#### Provided data
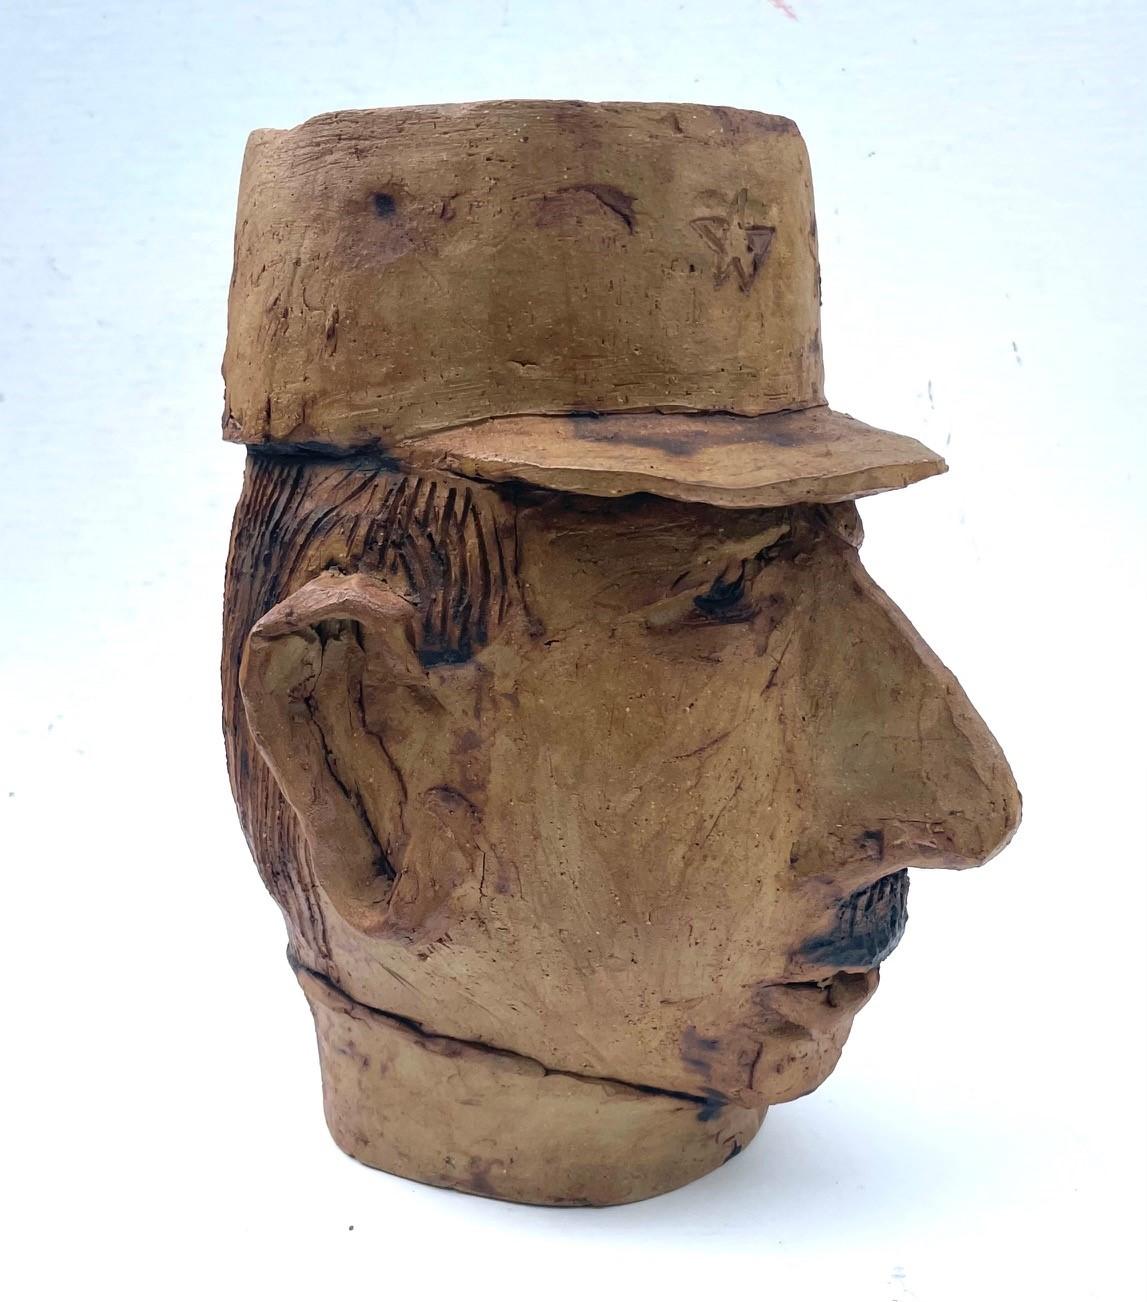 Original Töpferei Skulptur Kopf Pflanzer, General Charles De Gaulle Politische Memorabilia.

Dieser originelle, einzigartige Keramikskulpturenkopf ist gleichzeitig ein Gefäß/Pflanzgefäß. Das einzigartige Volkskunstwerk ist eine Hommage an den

...

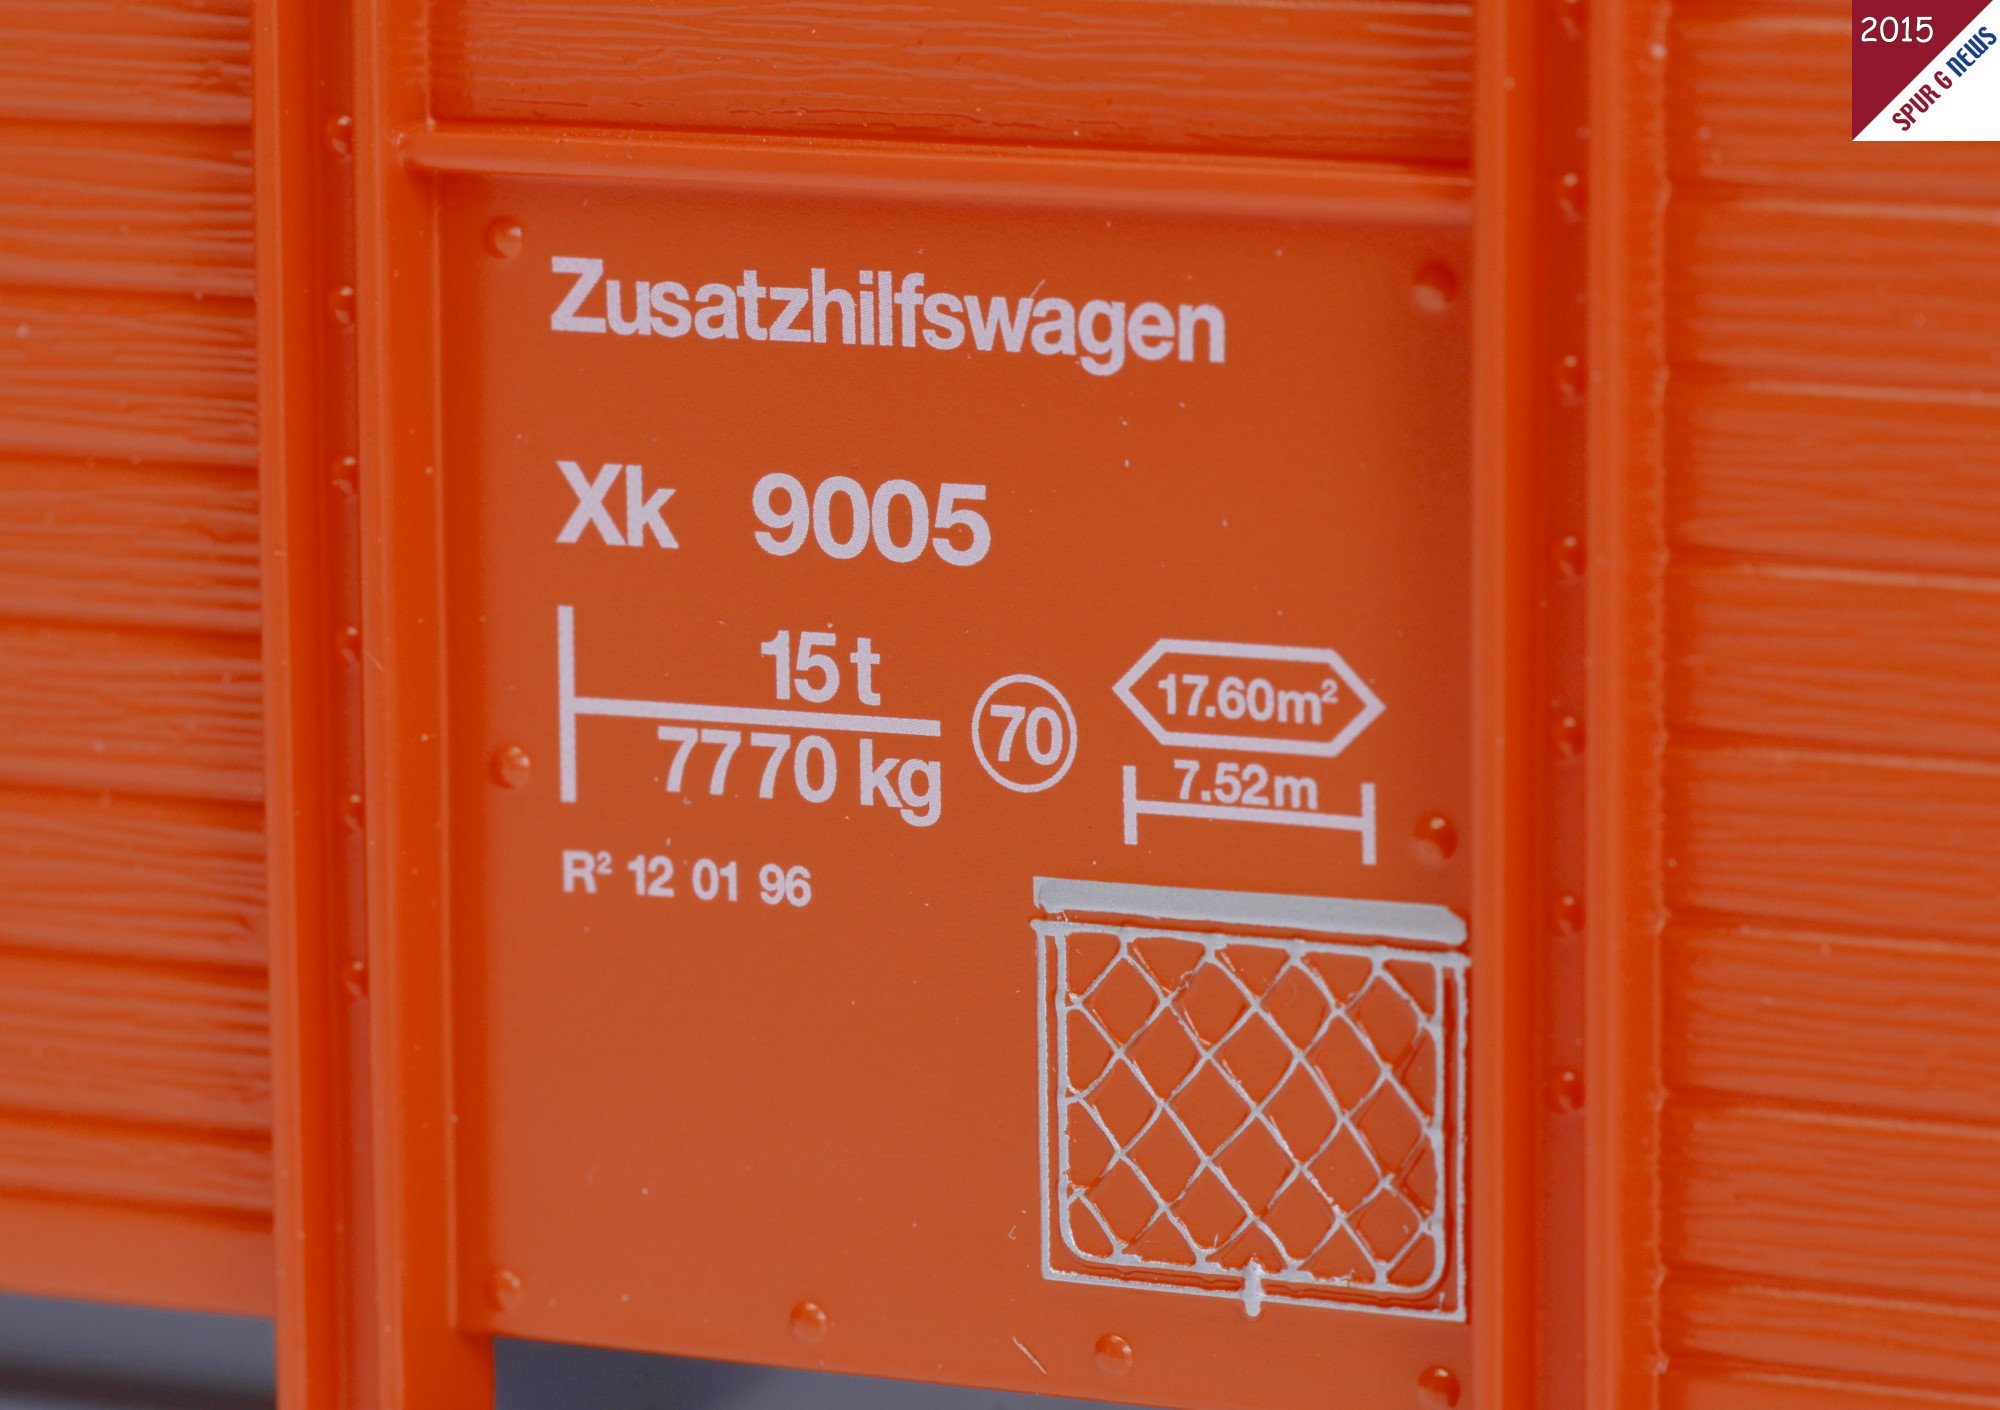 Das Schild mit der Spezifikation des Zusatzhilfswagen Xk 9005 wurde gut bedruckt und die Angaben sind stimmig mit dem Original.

#### Requirement
Using the entries above, transcribe every line from the line containing "Original Töpferei Skulptur" through the line containing "Dieser originelle, einzigartige". Do not copy pictures.

#### Result for this task
 Original Töpferei Skulptur Kopf Pflanzer, General Charles De Gaulle Politische Memorabilia.

Dieser originelle, einzigartige Keramikskulpturenkopf ist gleichzeitig ein Gefäß/Pflanzgefäß. Das einzigartige Volkskunstwerk ist eine Hommage an den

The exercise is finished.